Identifico rasgos míos en él. Sus ansias de vivir. Su ímpetu. Su audacia. Inteligencia por pulir. Generosidad.

 

También veo mi sombra en la suya: la mordida del rencor. La arrogancia. La tendencia a medir poco las consecuencias cuando se atraviesan a un sueño.

 

También, sé que tiene la tentación de esa suerte de purgatorio que es la bohemia y el vino. Camino que, por un lado, le da sentido a la vida pero que, por otro, puede devorarla.

 

Y la ambición: esa que es un motor o una condena.

 

Le llegó su turno. Deja la barrera y baja al ruedo.

 

A partir de ahora, sus decisiones determinarán lo que será. Estaremos, Marcela y yo, siempre con él, claro. Pero esa edad indica que arranca su faena. Hasta aquí, lo vivido fue la nuestra: buena o mala.

 

Vienen las decisiones clave. Qué y cuanto estudiar. Las amistades que fortalecen o destruyen. Los amores que determinan la felicidad. La compañera con quien decidimos andar la vida hasta extinguirla. Elegir entre la virtud demandante de sacrificio o el defecto que invita a la levedad pero termina consumiéndote sin que te des cuenta porque, en tu caída, no cesa de repetirte al oído:

 

-Puedes ser peor.

 

En fin. Comienza su vida.

 

Entenderá que el destino no es otra cosa que las decisiones que tomamos y ejecutamos. Decidir es reflexionar y optar. Por tanto, decidir sin reflexionar es arrebato. Decidir sin ejecutar, ilusión. Ejecutar sin decidir, sumisión.

 

Ahora me gustaría pensar que hice todo lo que estuvo en mis manos para ayudarle a ser feliz.

 

Ese, decía Borges, es el sentido último de nuestra vida. Es cierto, pero agregaría que es ser feliz con los demás, nunca a costa de ellos.

 

Nadie es humano solo y el camino solo tiene sentido si se hace en compañía. Estos días oscuros -escribo tras dos meses de encierro por una pandemia- nos motivan a volver sobre nuestros pasos y a recuperar valores extraviados como la empatía, la solidaridad, la compasión.

 

Uno tiene la obligación de vivir: cosechar sonrisas, triunfos; derrotas y cicatrices; besos y desengaños.
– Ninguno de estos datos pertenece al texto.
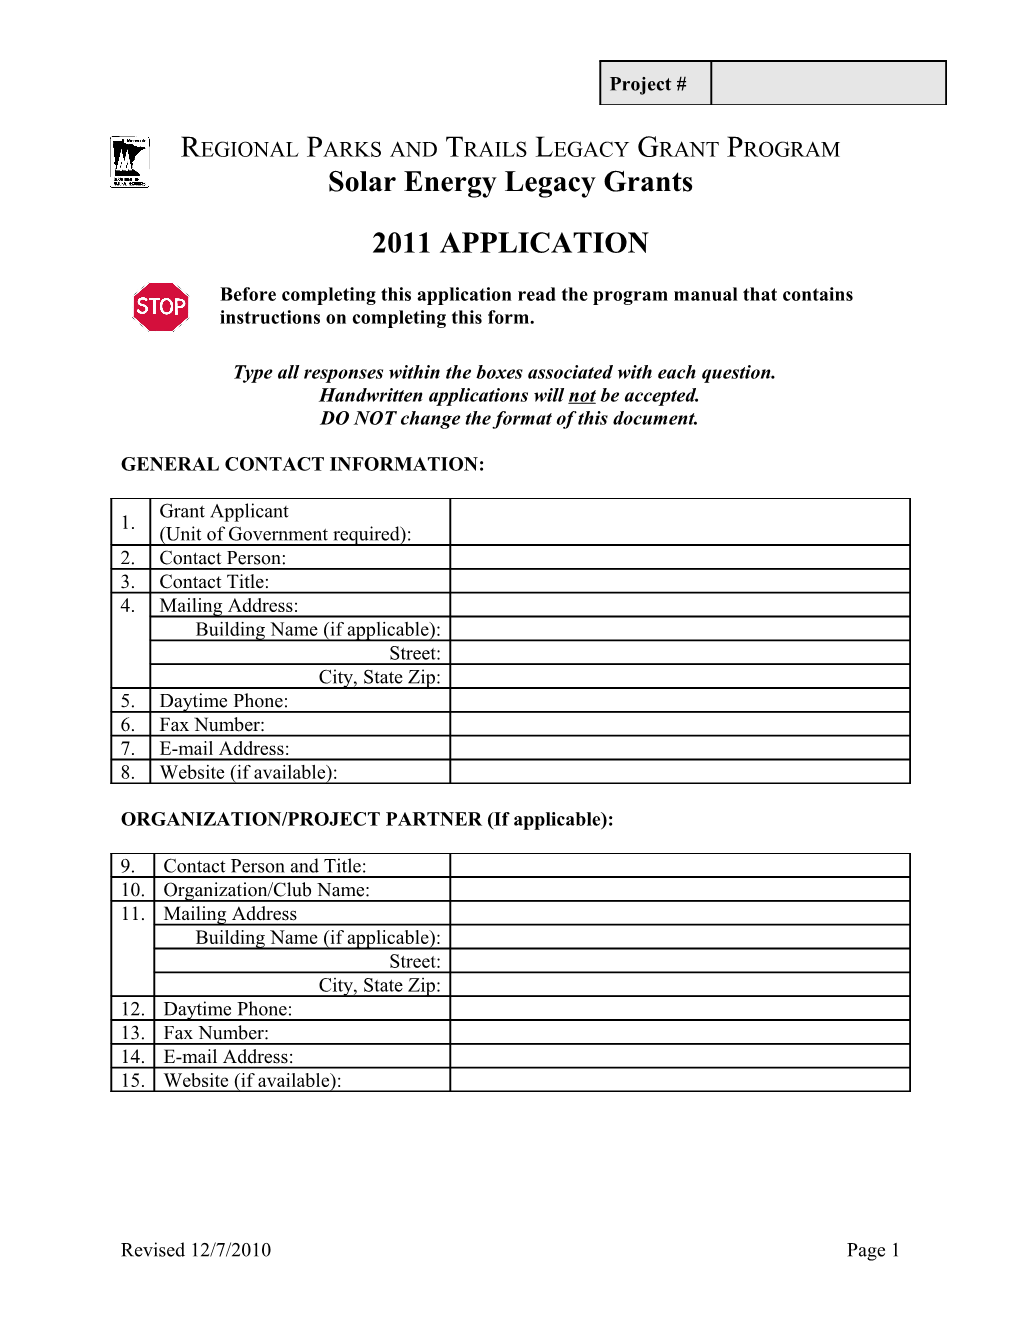 Solar Energy Legacy Grant Program Application
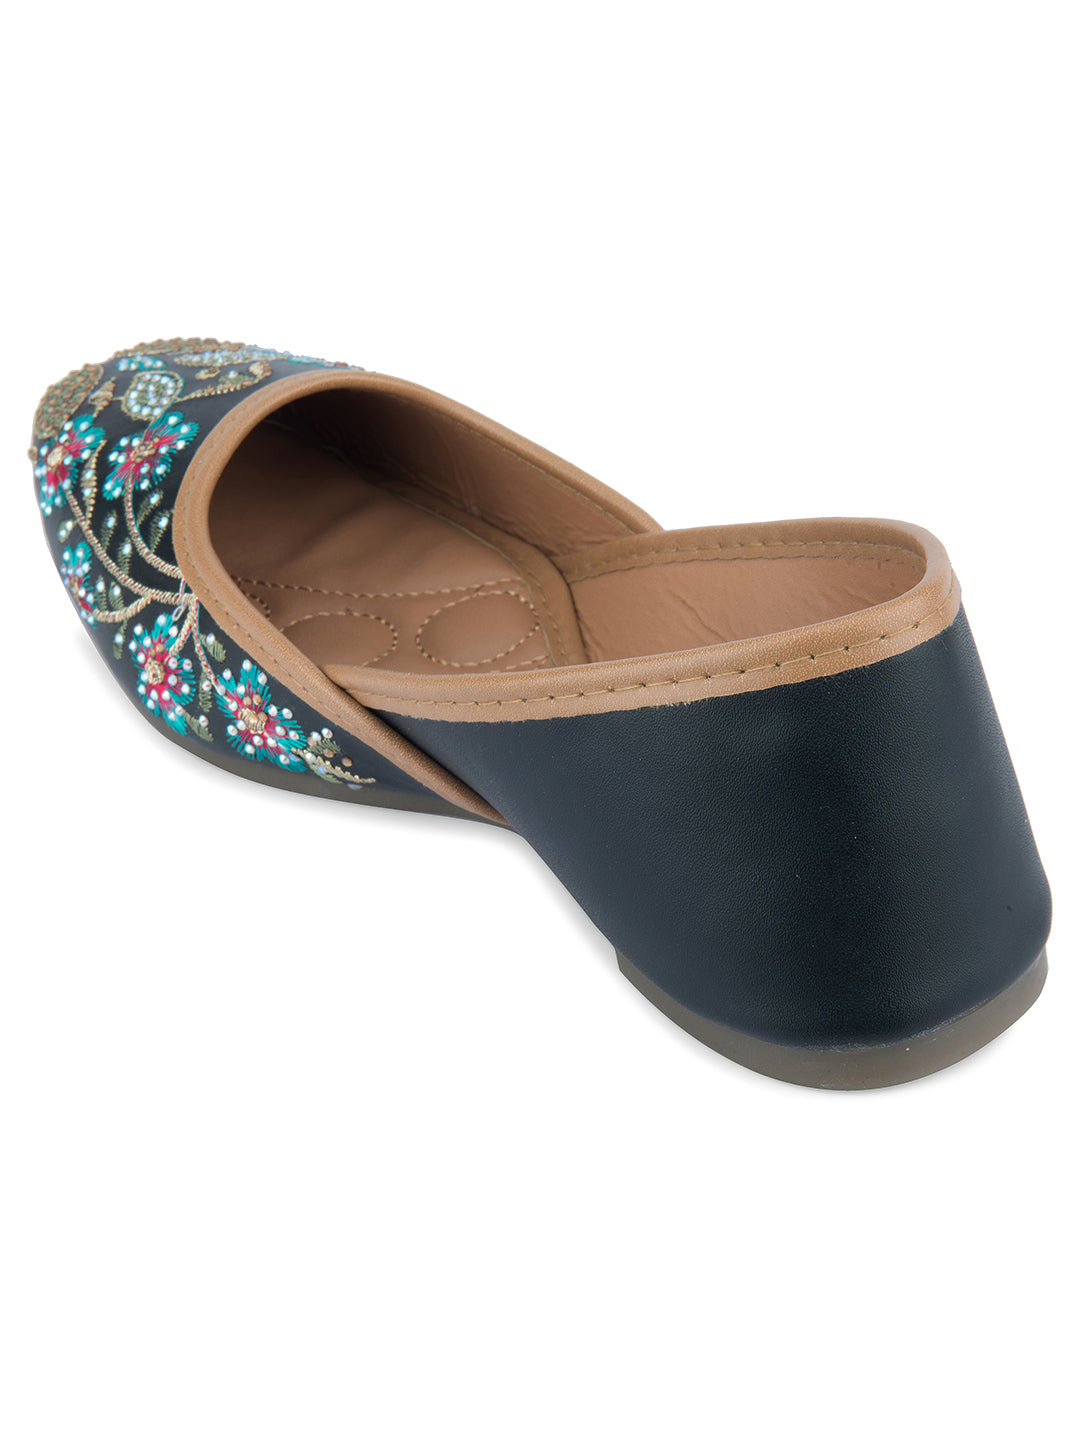 Women's Black Handcrafted Stone Work  Indian Ethnic Comfort Footwear - Desi Colour

Tener la ilusión de incubar sueños y la entereza de desecharlos.

 

Vivir es un oficio que demanda siempre algo: ejercerlo.

 

Me gustaría decirle: mucha suerte. Vive tu vida: jamás la de nadie más.

 

Hoy, cosas del destino, me levanté con ganas de oír al Gran Combo.

 

Haciendo ejercicio llegó la canción: Vagabundo.

 

Me acordé del negro. Me acordé tanto.

 

Y también quise llorar.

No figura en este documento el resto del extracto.